Please retype the listing below word for word and exclude its images.

#### Given data:
--------------------------------

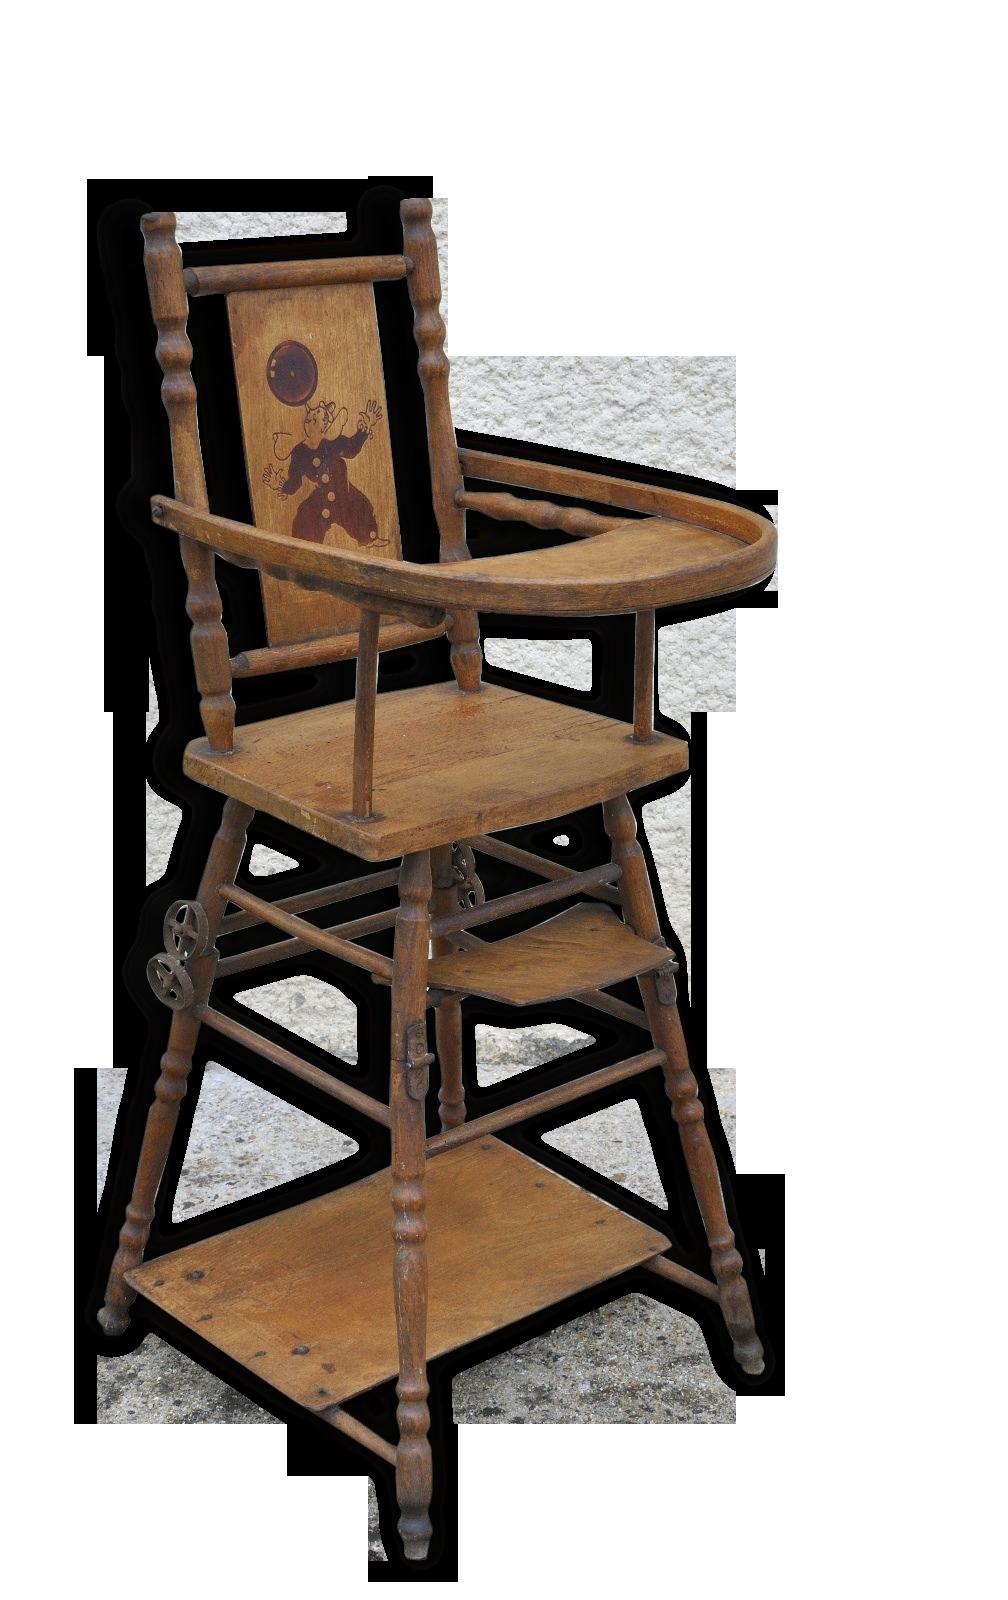 JouetsJeux Bois Poupée Ancienne Chaise En Anciens IYmf6gybv7
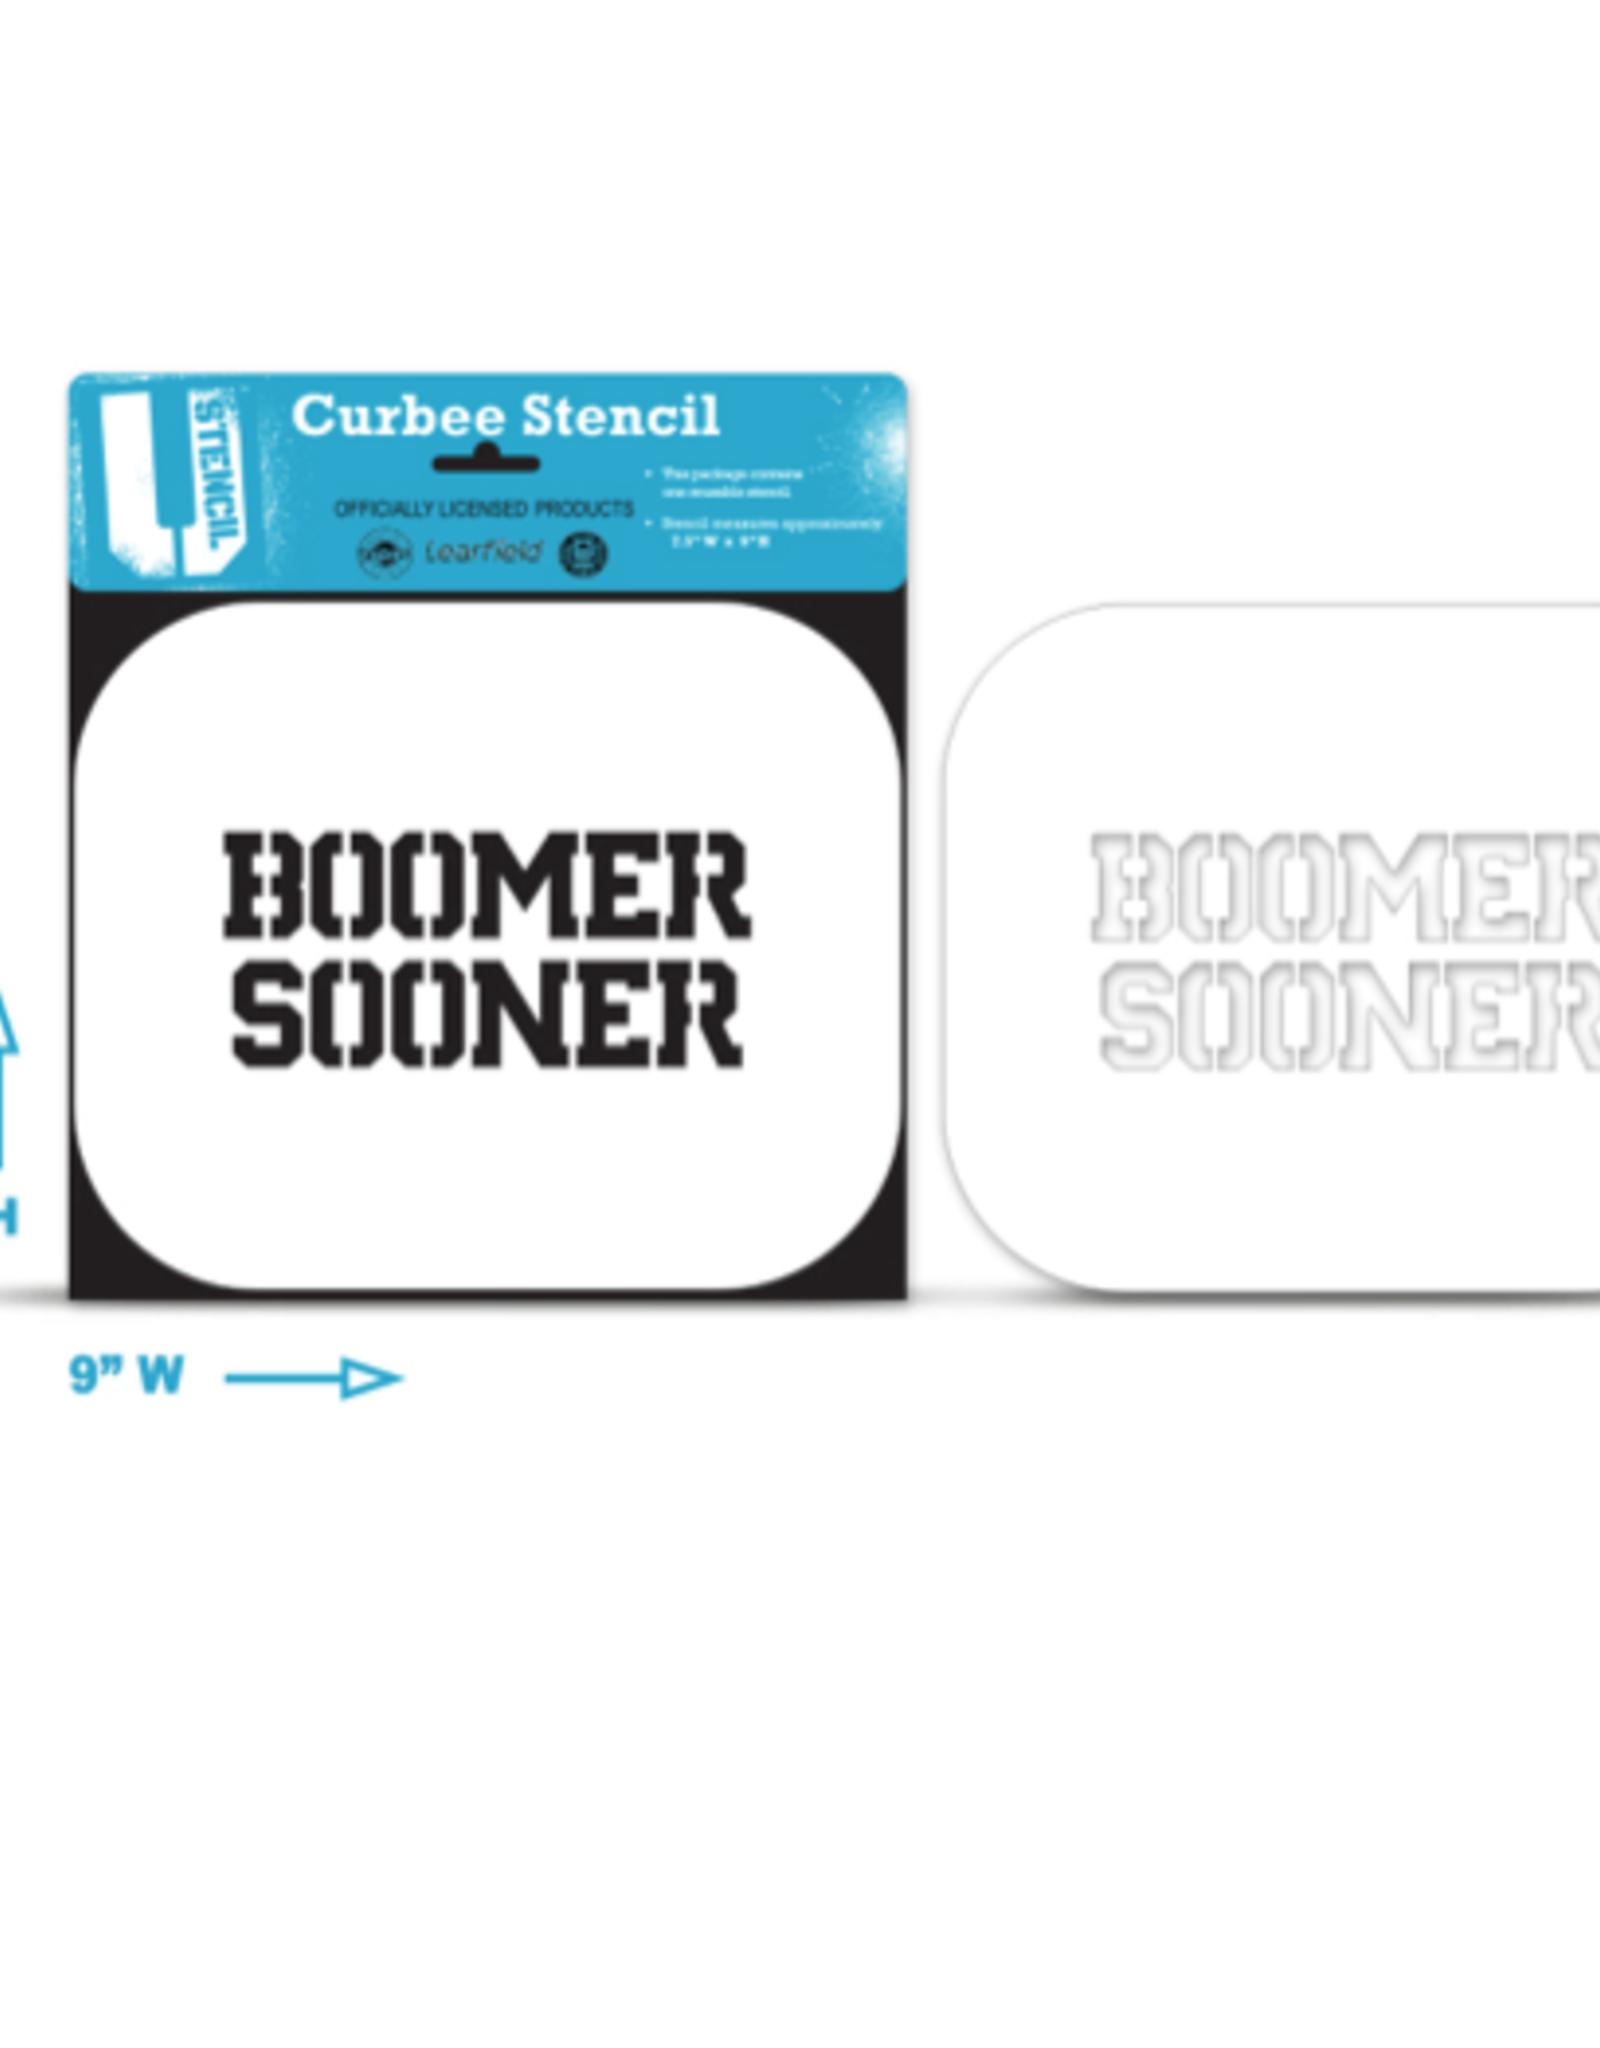 U-Stencil Boomer Sooner  Curb Stencil
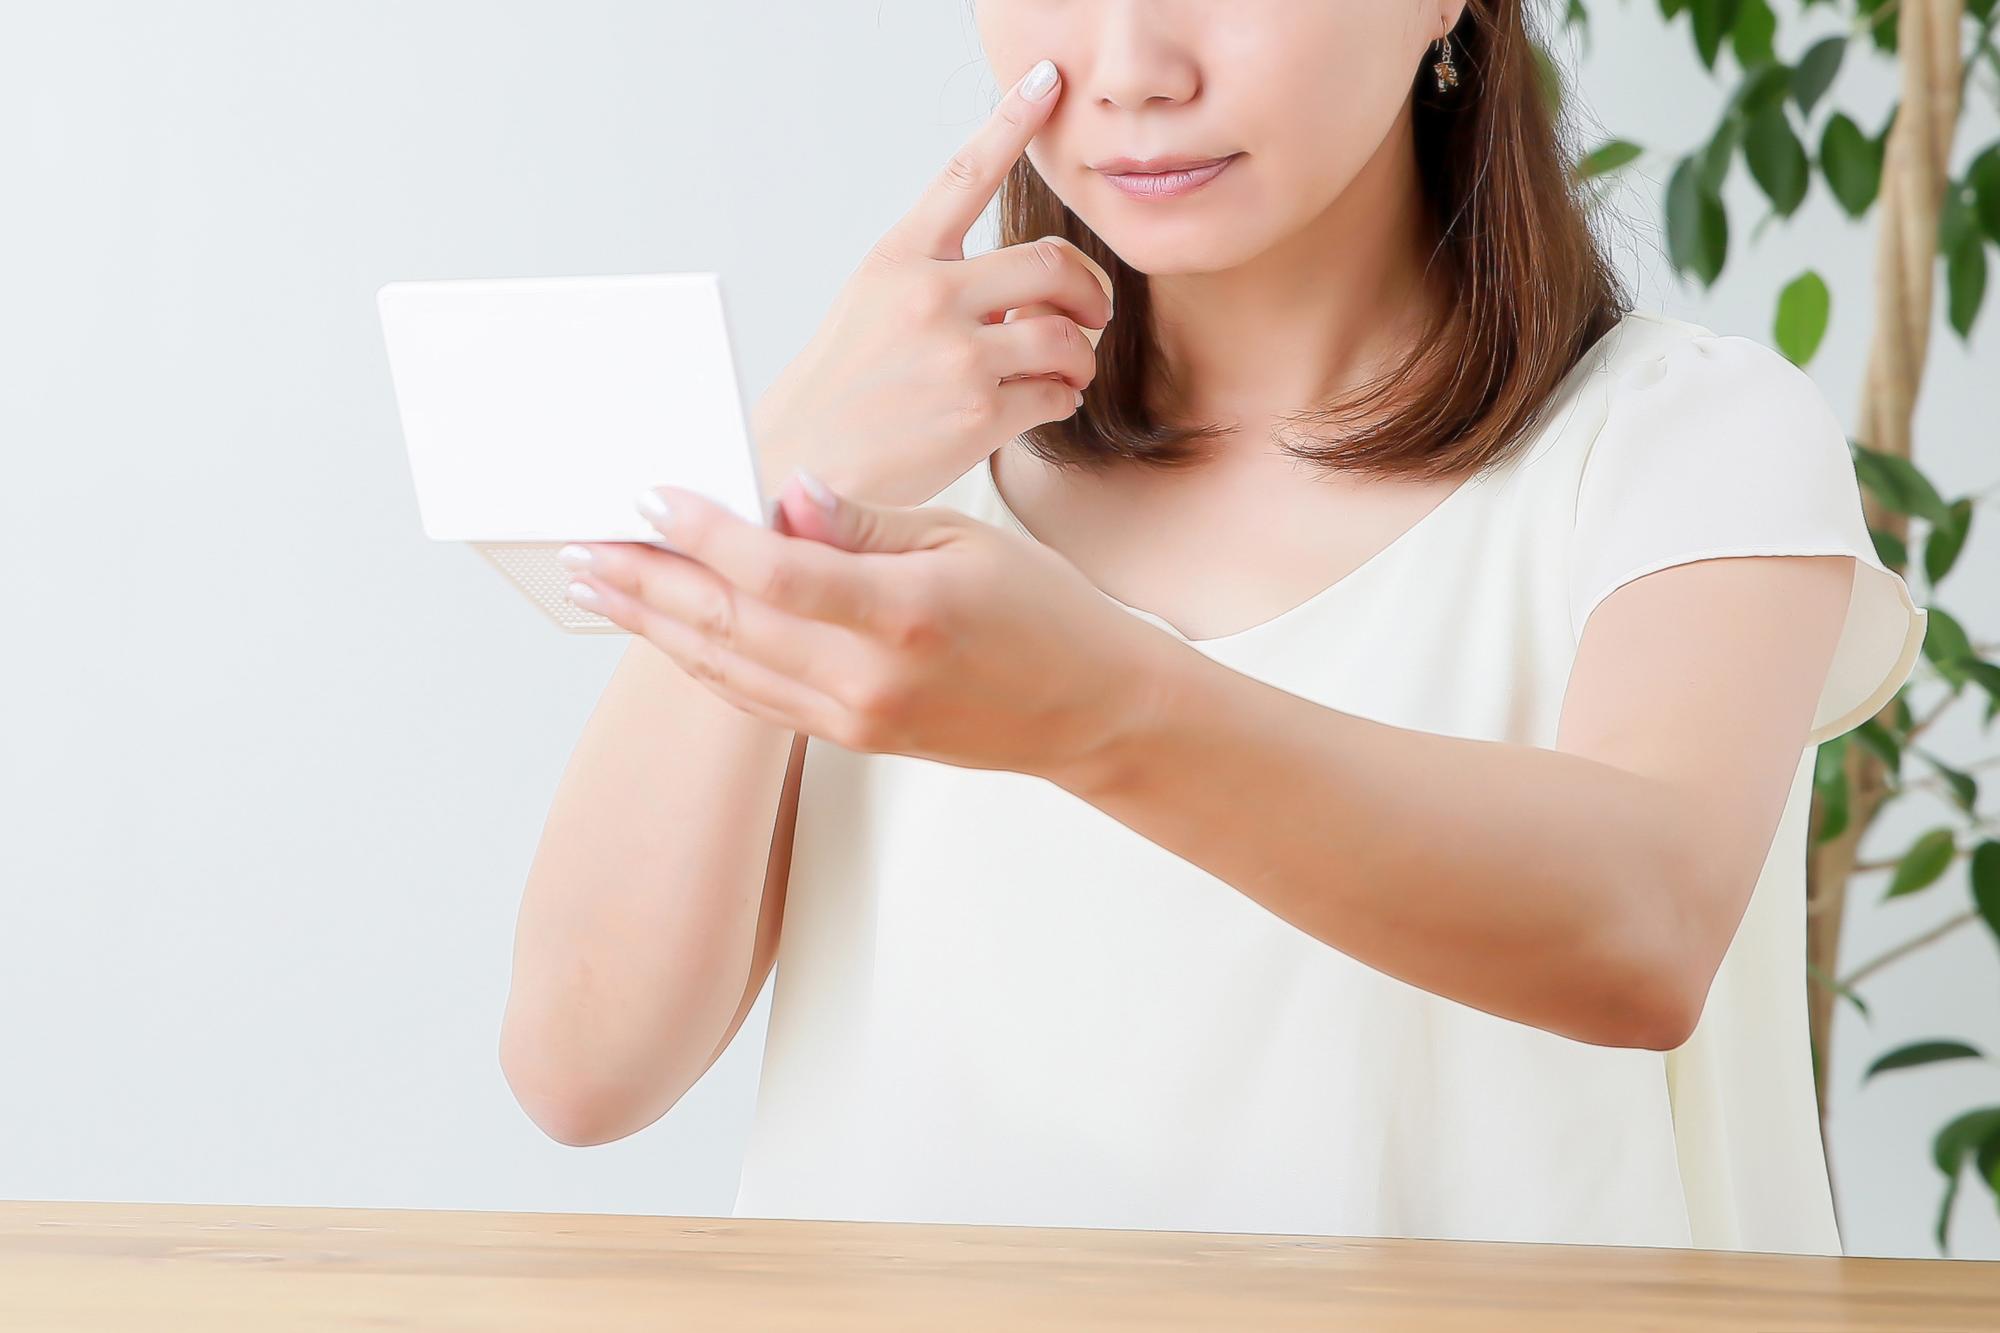 顔に保湿剤を塗る女性イメージ
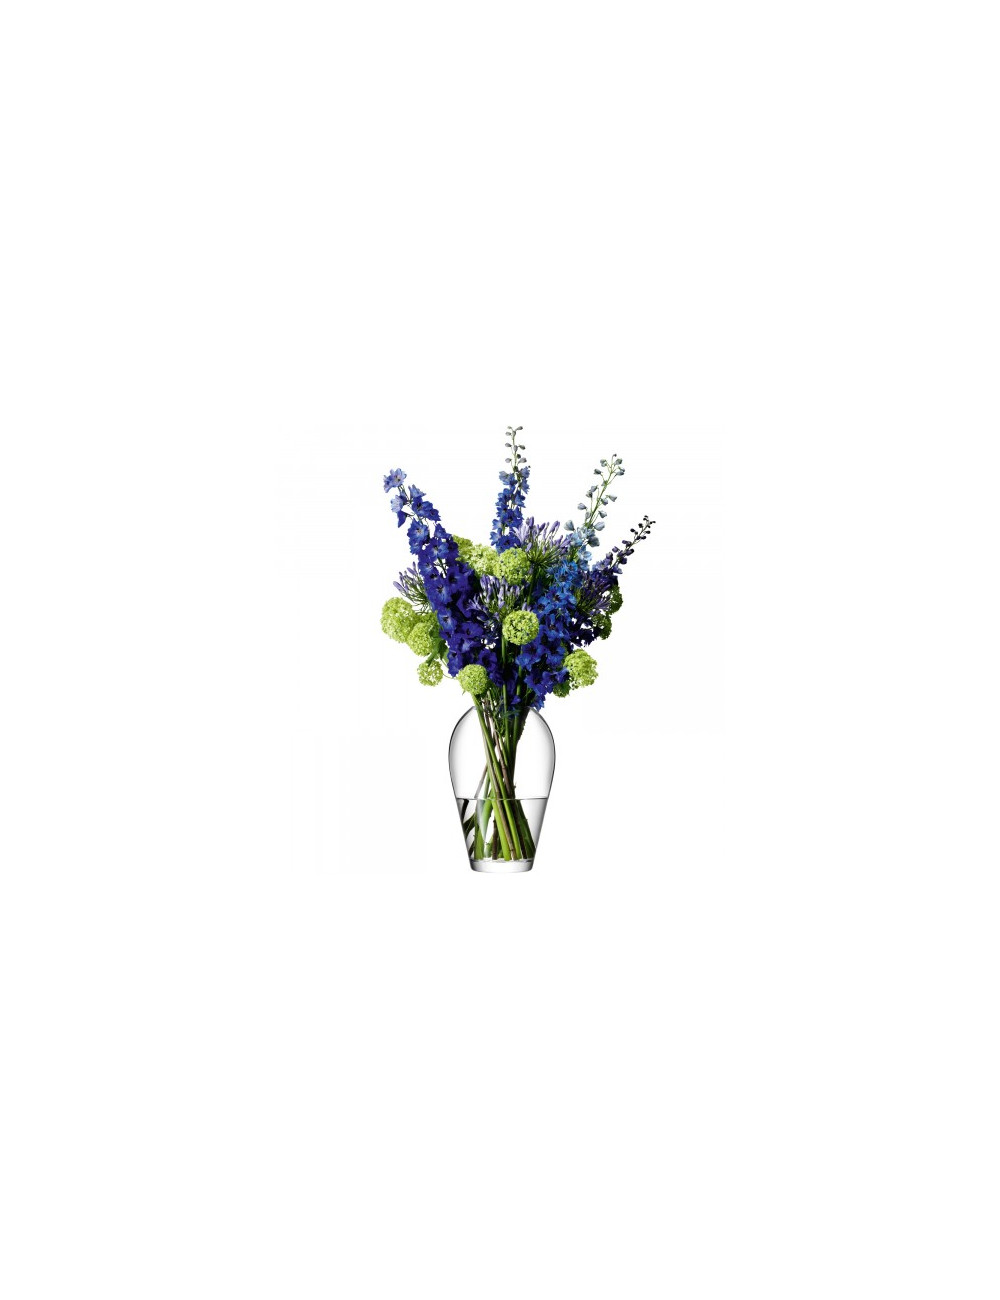 Vase Flower Bouquet - 35cm

--------------------------------

#### Response:
 JouetsJeux Bois Poupée Ancienne Chaise En Anciens IYmf6gybv7
 U-Stencil Boomer Sooner  Curb Stencil
 顔に保湿剤を塗る女性イメージ
 Vase Flower Bouquet - 35cm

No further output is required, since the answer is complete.